Wednesday, April 24, 2013
You are my sunshine
Hello minions, today's Randomness Wednesday isn't the normal thoughts of the week. This week I decided to do a post to my daughter. She's been on my mind a lot this week, it all started as I watched her play at my brothers house. She was playing with all the Tweens and I could she how much she's grown, changed and how she's becoming so much more aware of those around her.
I watched as she twirled her hair and did a little dance in place as she tried to mimic an older child's behavior. She's trying to fit in and she has the adorable role down perfect. She's becoming more of her own person with every passing day. My week has been full of flash backs of her as a toddler and thoughts of what she may become. So here we go...
I'm sure you don't remember this nickname. It was the very first and I'm pretty sure we stopped calling you piggy once you could talk. I know that it sounds terrible but it was the first thing that came to mind the first time I got to fed you. It was as if you were starving to death, though your size would say different but we'll get to that.
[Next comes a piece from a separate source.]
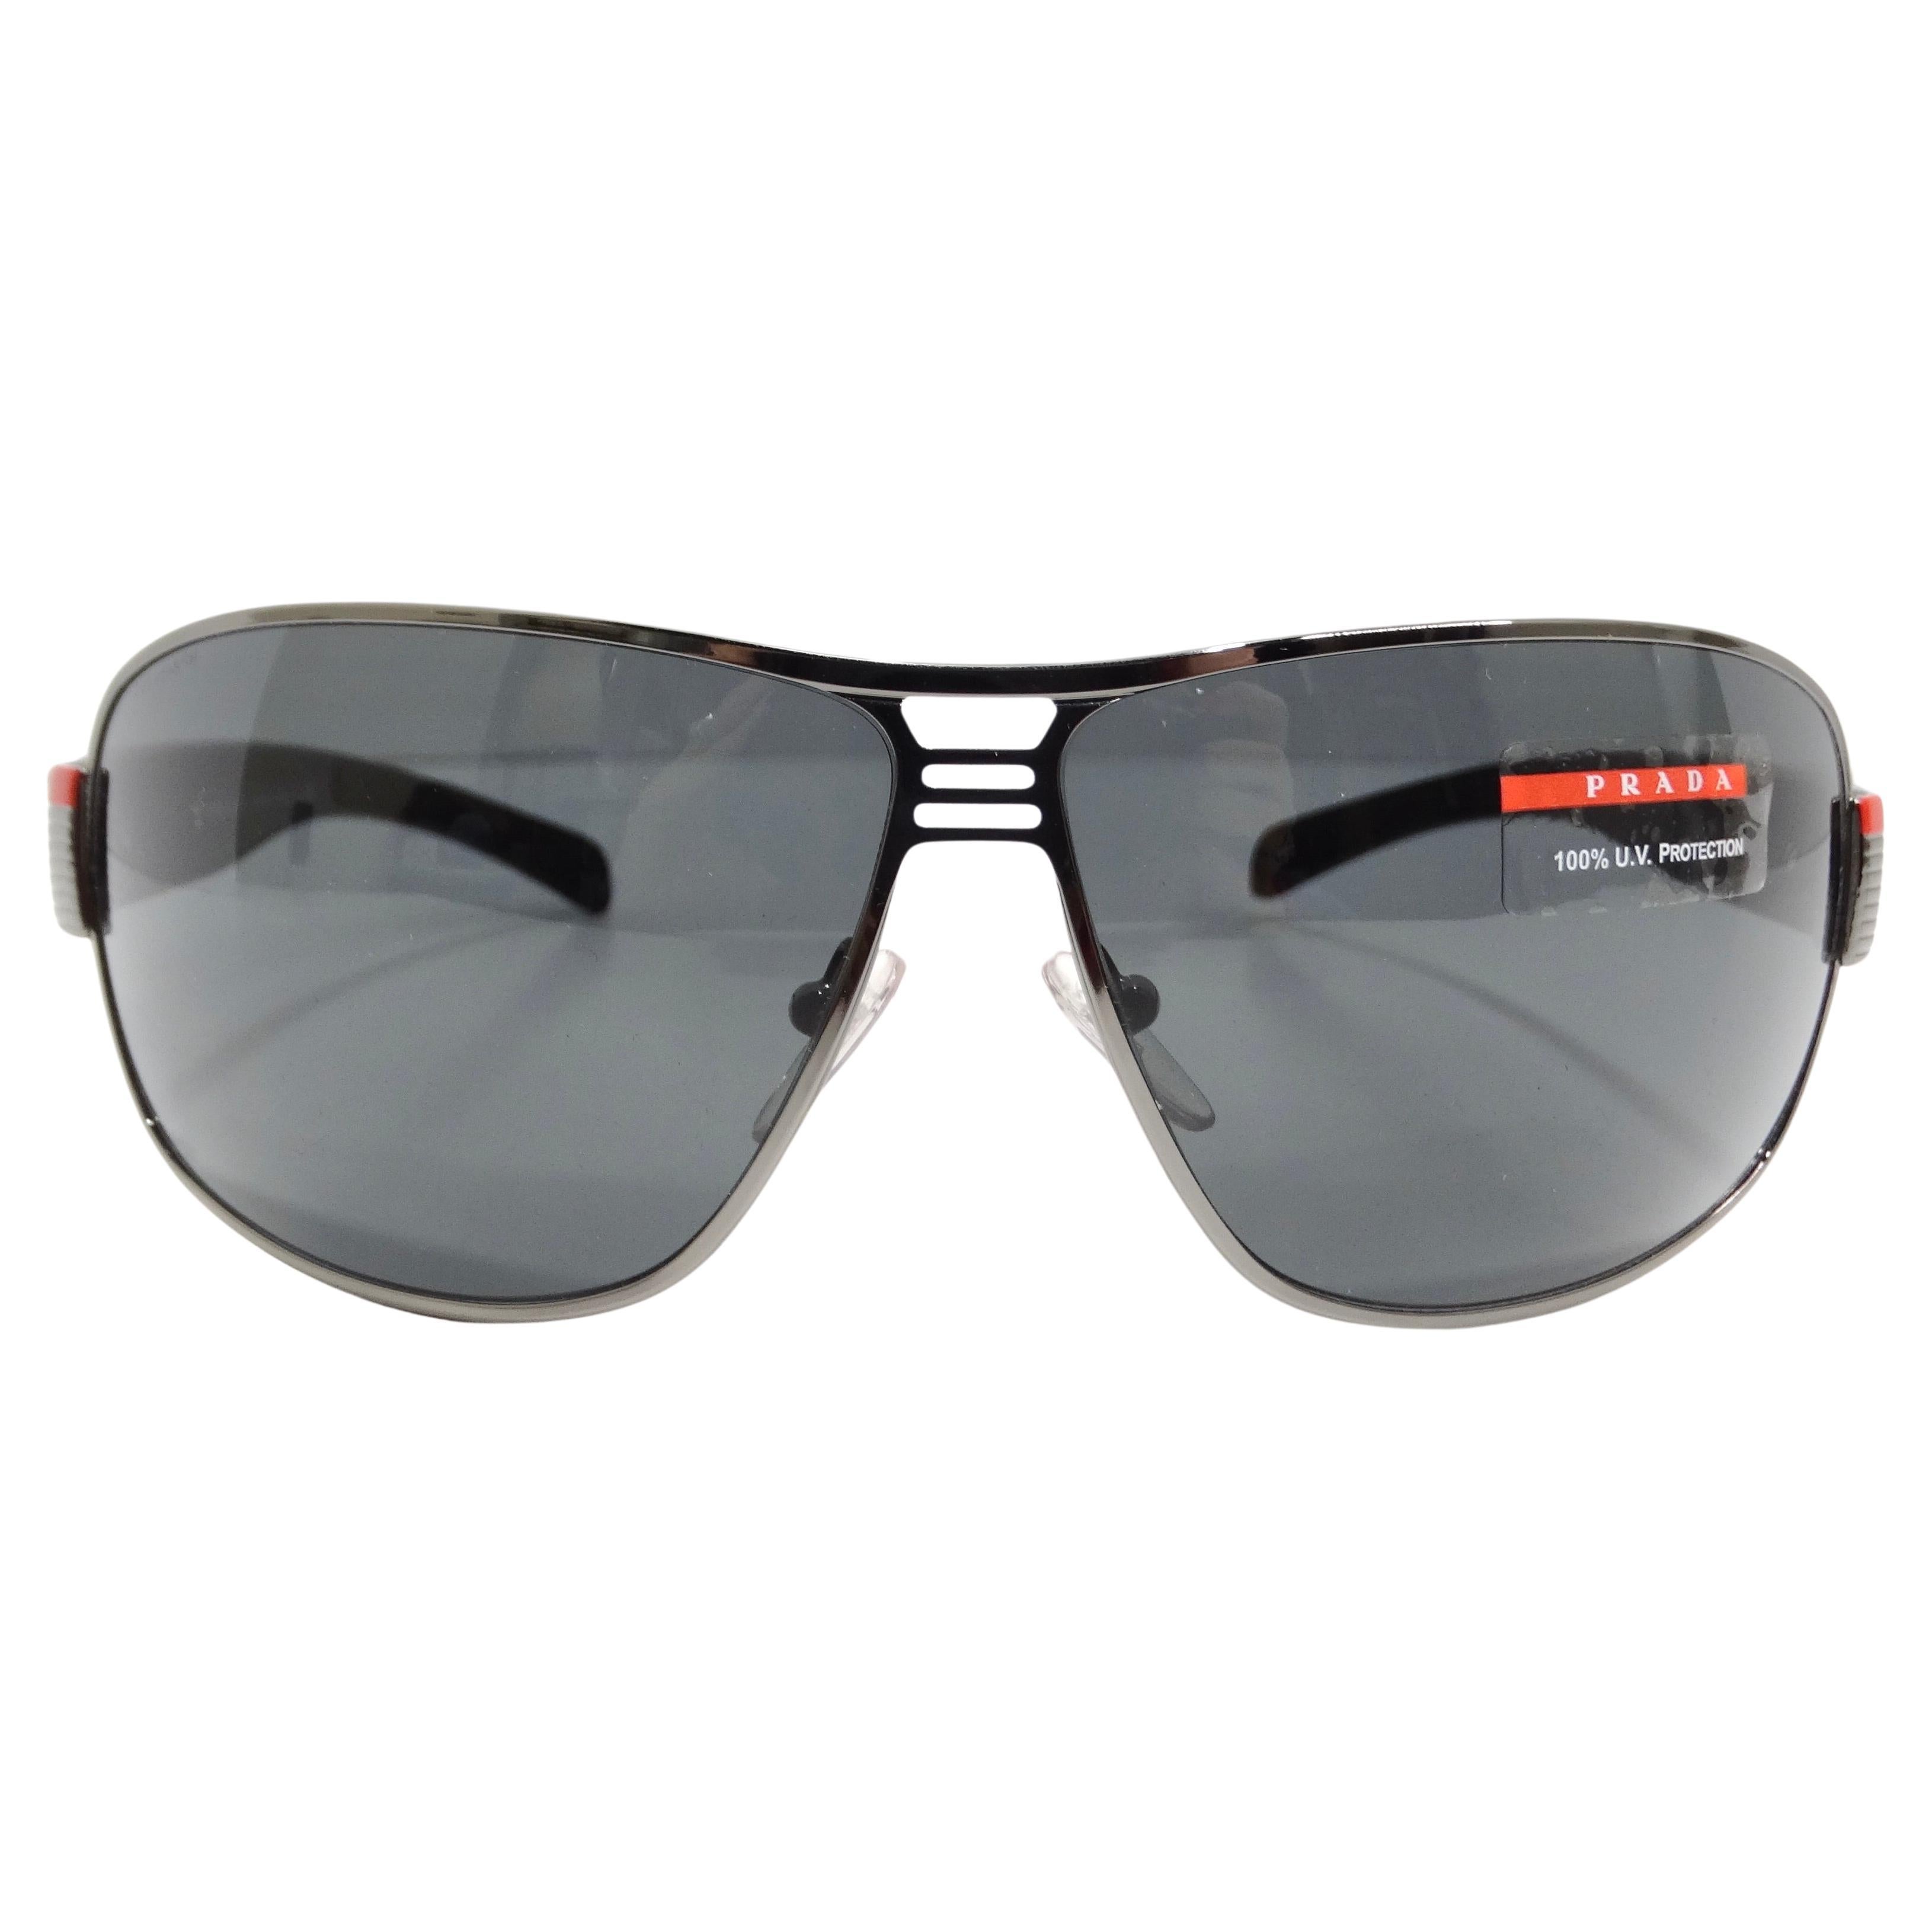 Gafas de sol de aviador Prada en tono plateado de los años 90

Lets start from the beginning.
You were our 4th pregnancy, I was expecting to lose you, just as I had the others. After the miscarriages, an ovarian cancer scare and what seemed like endless negative pregnancy tests, we gave up. Your father and I stopped trying, we just lived life and one day....BOOM, I'm sick all the time and here comes a positive pregnancy test. We're happy, if only for a moment. Our happiness is clouded by our past, our fear of losing you outweighs our happiness for now.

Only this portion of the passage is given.